* What you need to do *
Where a picture appears, skip it and copy everything else in the listing exactly.

* Dataset section *
-=-=-=-=-

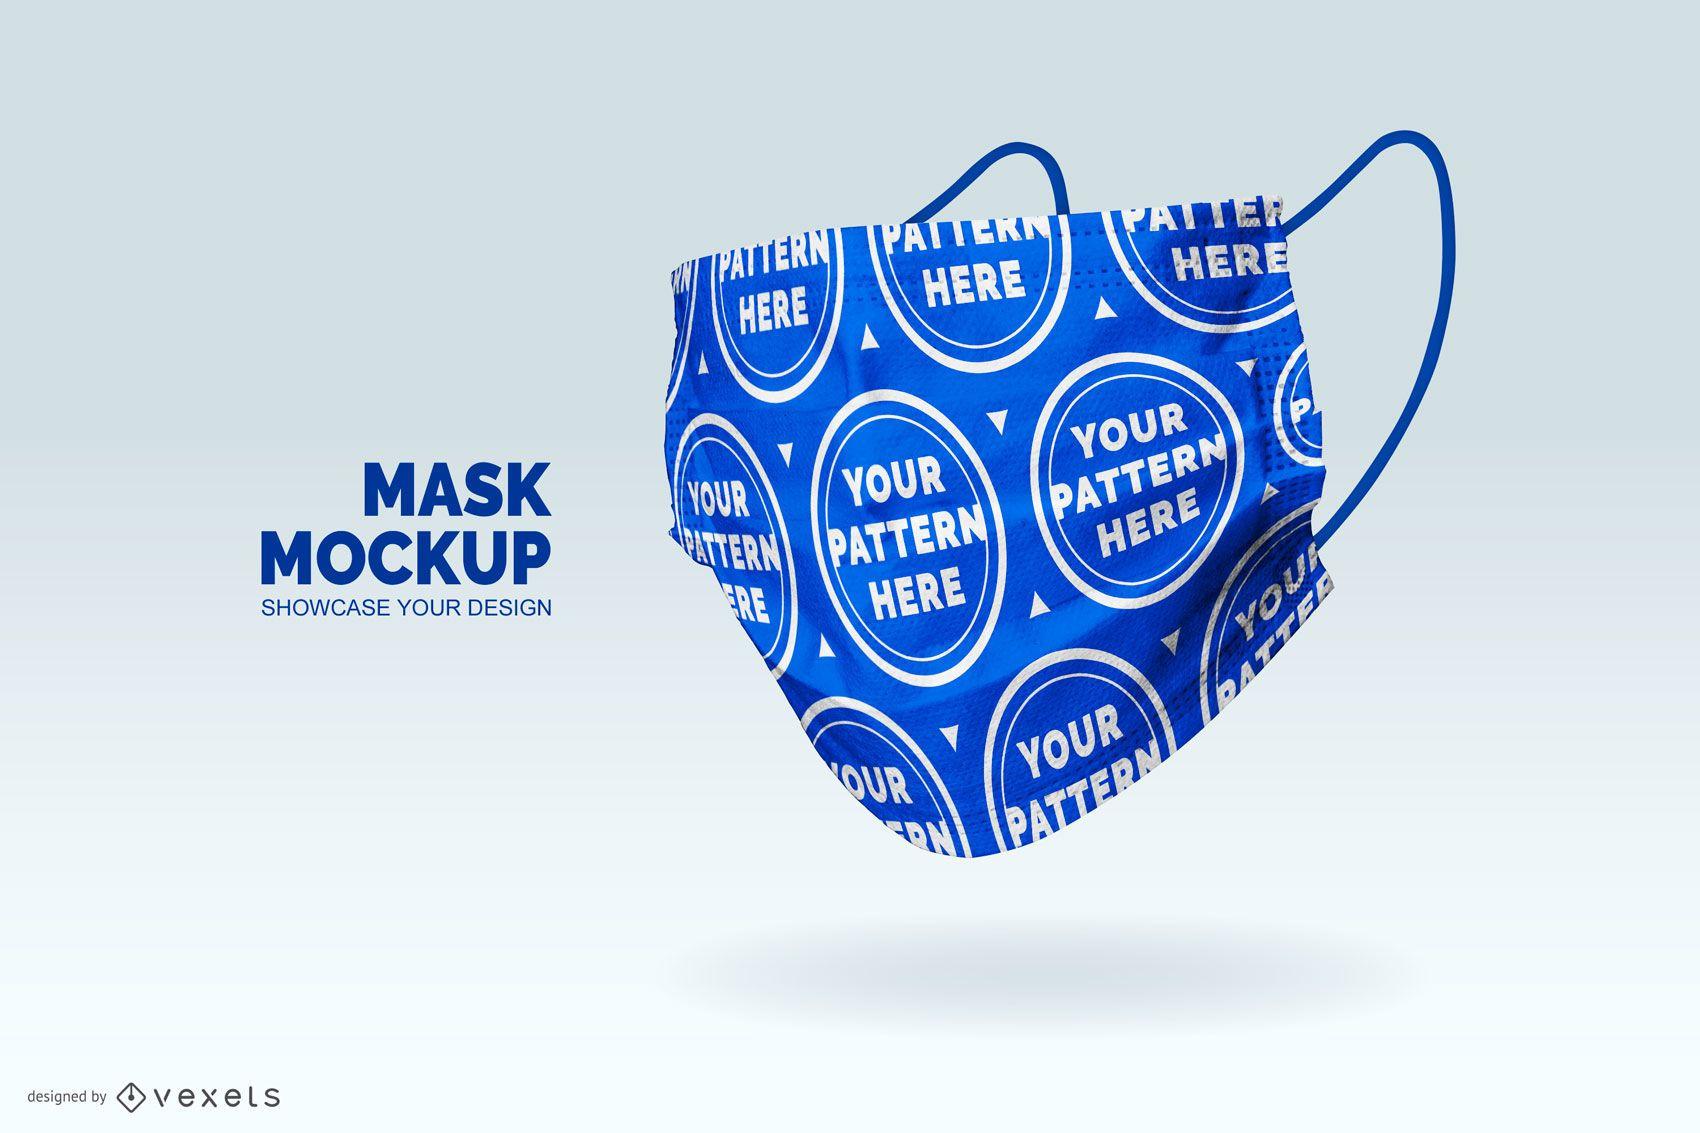 Medical mask pattern mockup
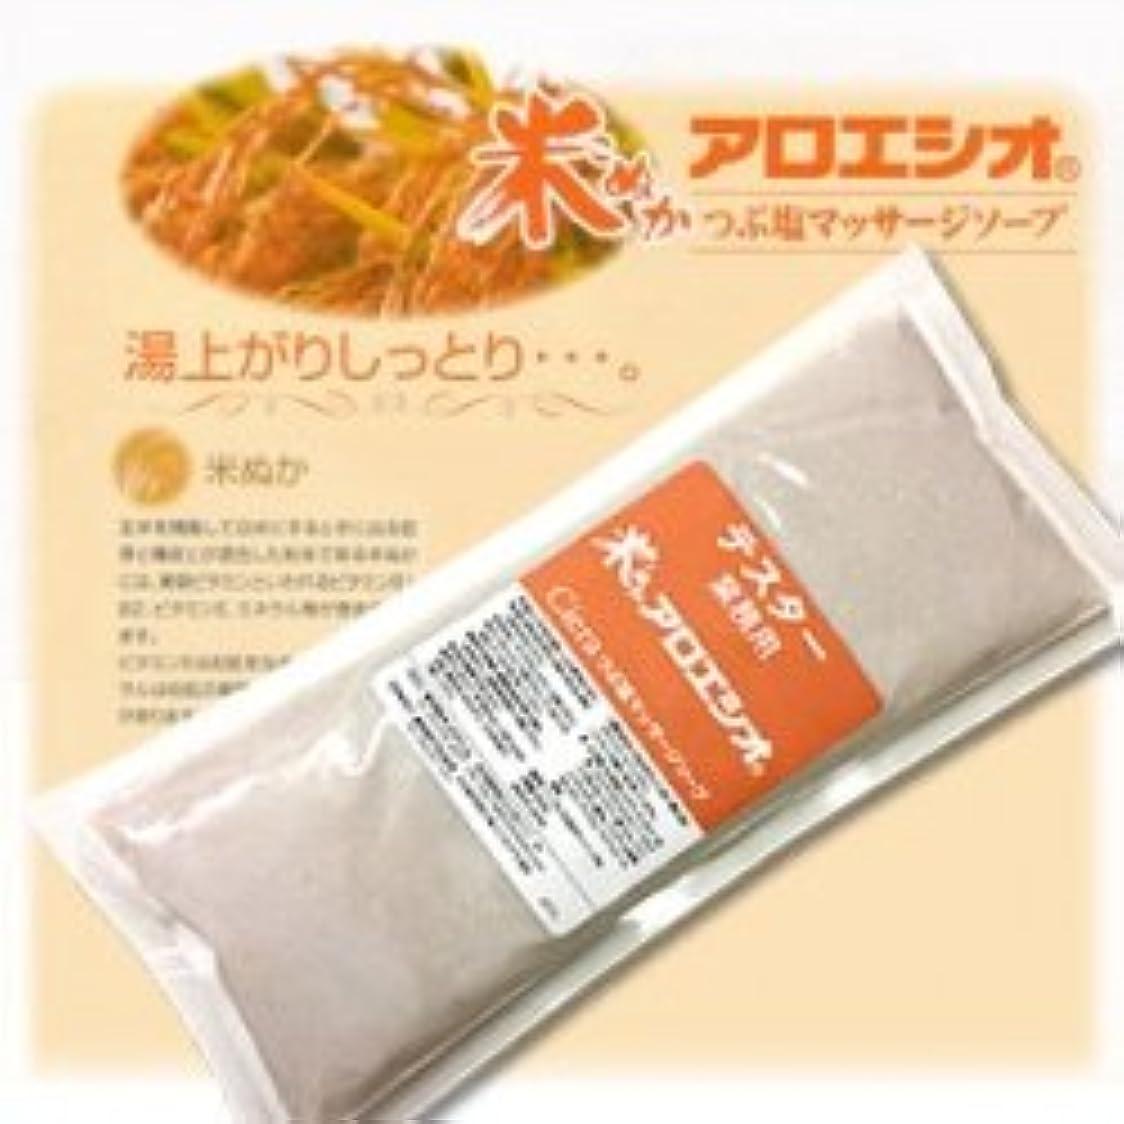 のためピッチャー経度業務用米ぬかアロエ塩 800g つぶ塩マッサージソープ/ フタバ化学 アロエシオ Ciera
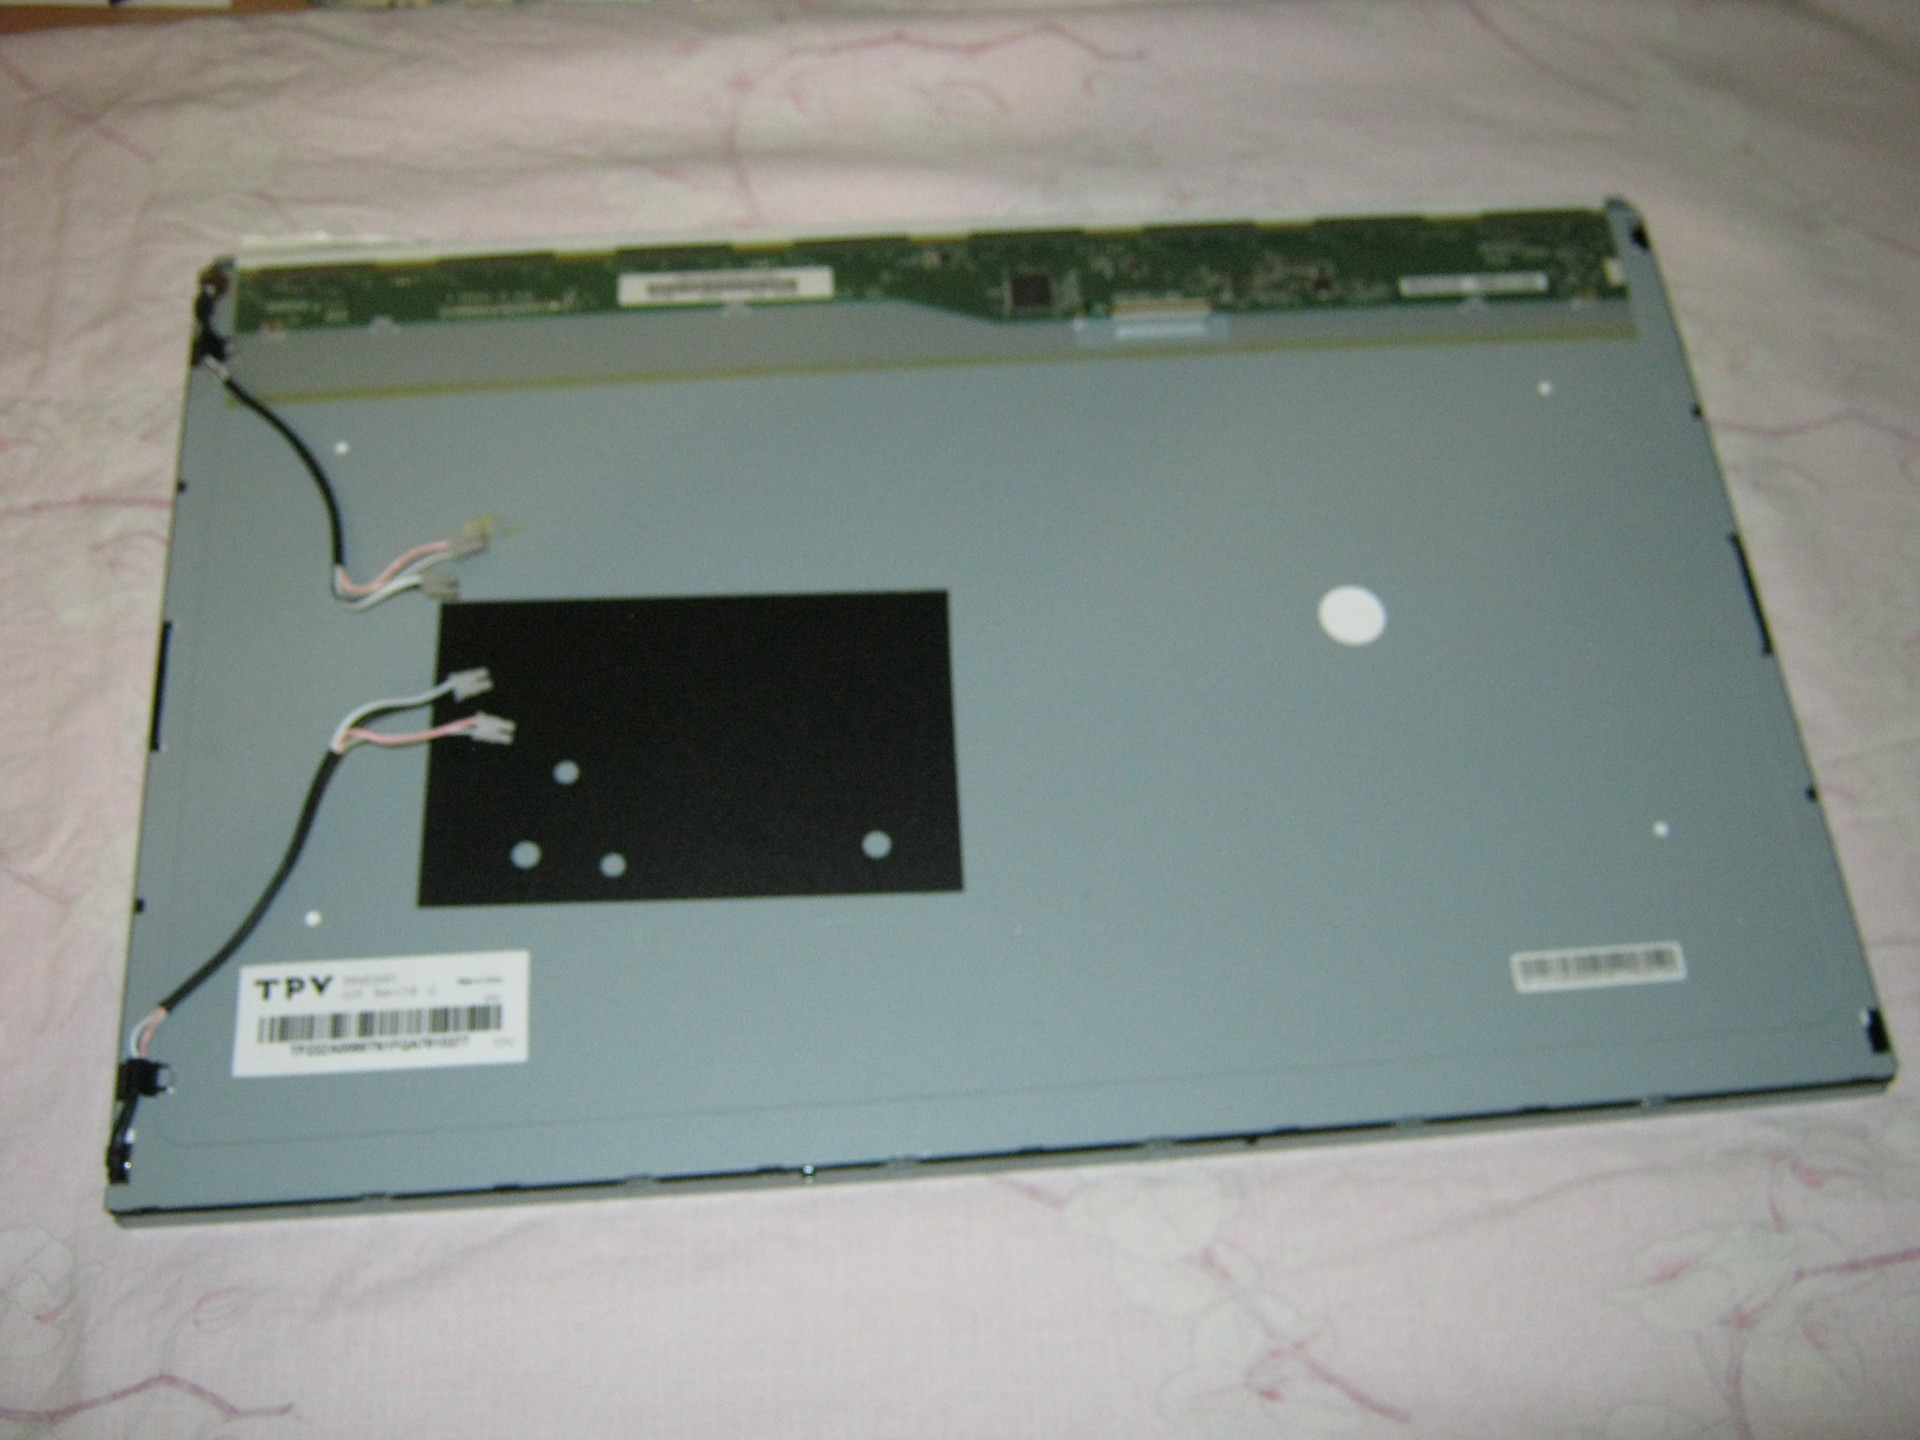 схема led подсветки для телевизора

-=-=-=-=-

* Response to the task *
 Medical mask pattern mockup
 のためピッチャー経度業務用米ぬかアロエ塩 800g つぶ塩マッサージソープ/ フタバ化学 アロエシオ Ciera
 схема led подсветки для телевизора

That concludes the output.